Ah, good ol' Tinder. It's the one-swipe shop for everything related to sex, dating, hooking up, etc. In the new age of technology and instant gratification, we prefer to get as much as we can with as little work as possible. So naturally, Tinder seems like the perfect tool for mating.
You mean to tell me I can sit on my couch, in my boxers and a wife-beater with a pizza stain, and be able to talk to and possibly convince women to go out with me? That sounds wonderful. Sign me the f*ck up.
I'm pretty sure that thought, in some form, has crossed the minds of many single men. I'll admit to using Tinder, and I have no shame in saying I've used Tinder at the gym, at work, in the car, at a stop light and on my couch while stewing in my own filth. The best part is, my matches don't know the difference.
There is a downside, though. Your Tinder game needs to be strong when it comes to the conversation. It doesn't matter how ripped you are, how great your hair is, how nice your smile looks or even how well dressed you are.
Does every one of those things come into play when it comes down to getting matches? Yes. Does that do much in the form of helping you transition from putting words on a screen to taking her on a date? Not really.
If you're not able to get an actual date, even though you've made more matches than you know what to do with, chances are, you're making a few critical mistakes. It's likely all due to what you're saying, not saying and how you're coming across in your messages.
Are you conveying confidence in your messages?

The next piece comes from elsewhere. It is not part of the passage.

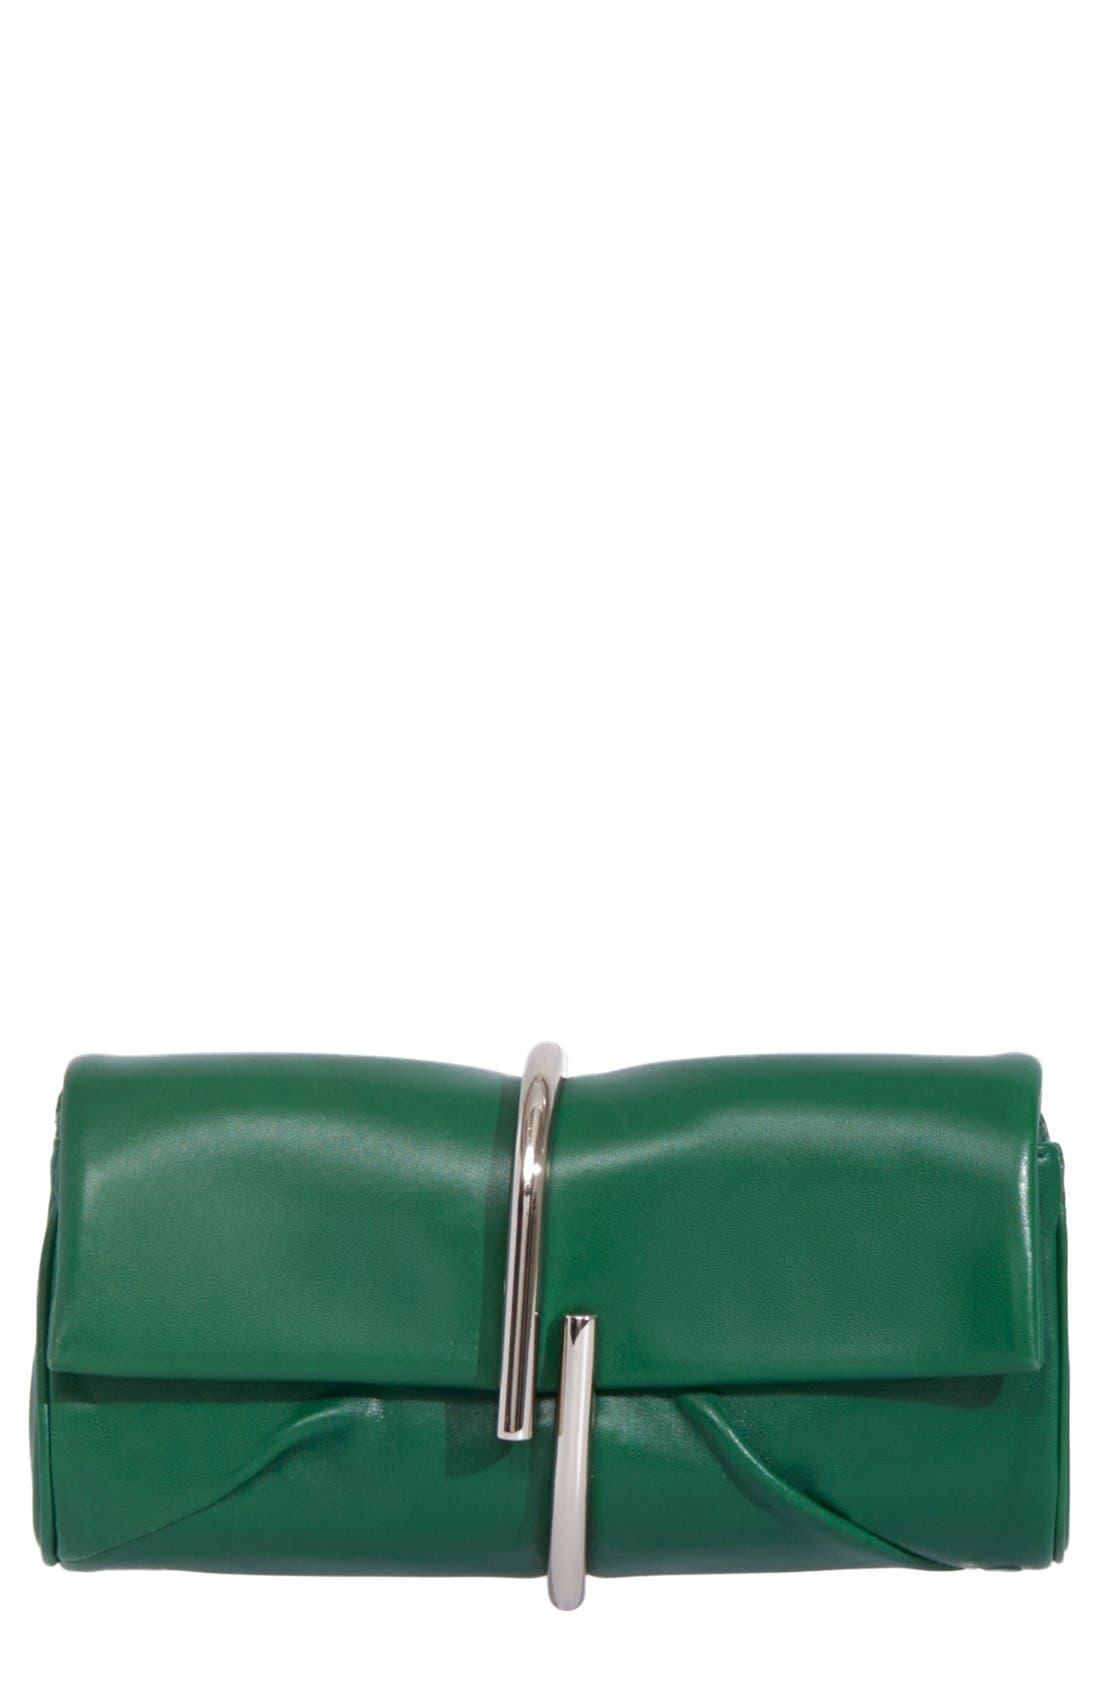 3.1 PHILLIP LIM 'Alix' Leather Minaudiere, Main, color, 300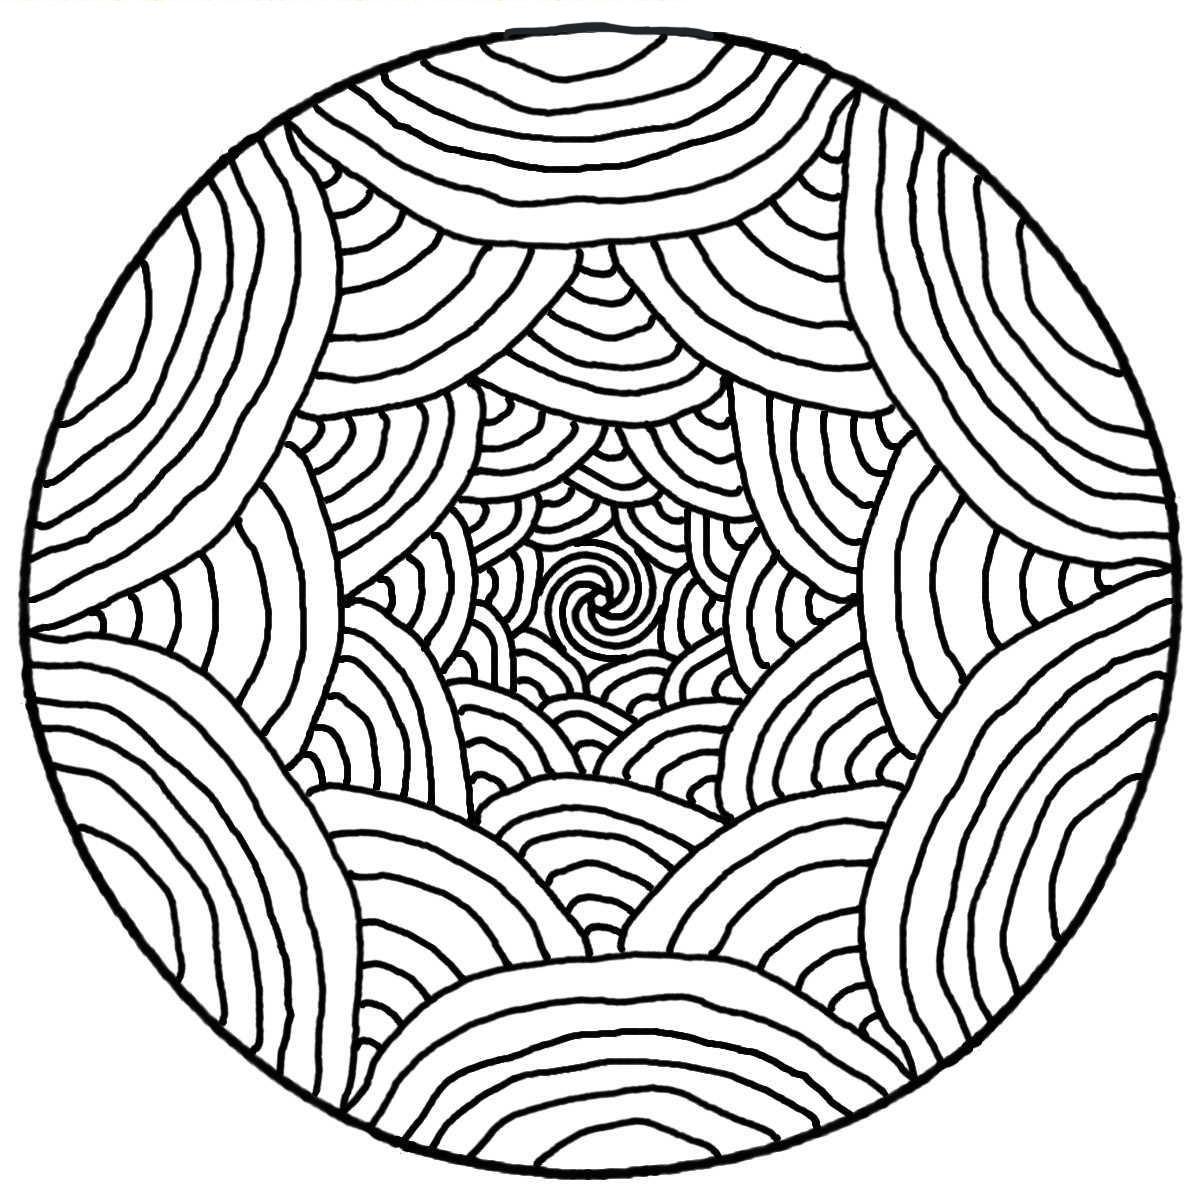 Mandala - M&alas Adult Coloring Pages - Page 6

Do you take the time to think of a message, or do you use the same generic “What's up?” or “Hey sexy” opener that 300 other moronic guys have probably sent to her in the last 36 hours? This is a huge reason no one is responding to you, and I think most of you don't realize that.
I have the benefit of being an avid reader and writer by nature, so I understand the importance of having the right opening for everything. Whether it's a book, a play, an article I write or a silly message on a dating app, I approach all of my openers with the same vigilance.
Can most of you guys who aren't getting dates say the same thing? Have you ever given any thought to how your first message should make you stand out from all the other guys that blow up her inbox? No?
I didn't think so. Now is the time to start.
Are you good at keeping up a conversation?
Besides that opening line, you need to be able to carry on a conversation. It has to be long enough that you don't seem too forward when you ask for her number and suggest a date. But, it can't be too long that it seems like you're unsure of yourself, her, what you want or what you're doing. If you've been talking on Tinder for a week already and she's responding, you need to ask her out.
You also can't wait too long to reach out after you match. A new conversation with a new match can be exciting, so you want to strike while the iron is hot. Also, gentleman, please use decent grammar and spelling. Most women want a guy who knows the difference between your and you're, or their, there and they're.
Are you aware of how you're flirting?
If you're getting matched up on Tinder every day, but can't seem to make anything materialize into an IRL date, you need to examine what you're doing. Are you putting effort into your first message? Are you coming across as boring or generic? Even worse, are you coming off cocky?
If you sent a badass first message and the conversation is going great, are you making it seem like you're trying to get to know her? Are you talking too much about yourself? Have you even hinted that you'd like to see her in person, instead of being confined to this in-app purgatory?
These are all things to consider. Think about how you're portraying yourself, pay attention to the words you use and try to use the best grammar and language that you're personally capable of. There is something wrong with the way you're going about messaging if you none of your many matches end up going out for dinner or drinks with you.
So, to summarize, put some damn effort in. Think about your opening line, and don't be generic. Don't use a pickup line unless it's cheesy and it's being done in irony. Pay attention to how you word things, and don't drag on a conversation without making your intentions known. Women will want you to show the initiative, and they likely wouldn't have swiped right if they didn't at least entertain the idea of meeting you.
It's really all on you, guys. Don't you dare blame your matches if you can't say you've done everything in this article. I'll leave you with this, a portion of a great quote from the late Robin Williams in one of his best roles:
Language was invented for one reason, boys — to woo women — and, in that endeavor, laziness will not do.
Laziness will get you nowhere on Tinder. Now, armed with this knowledge, happy swiping.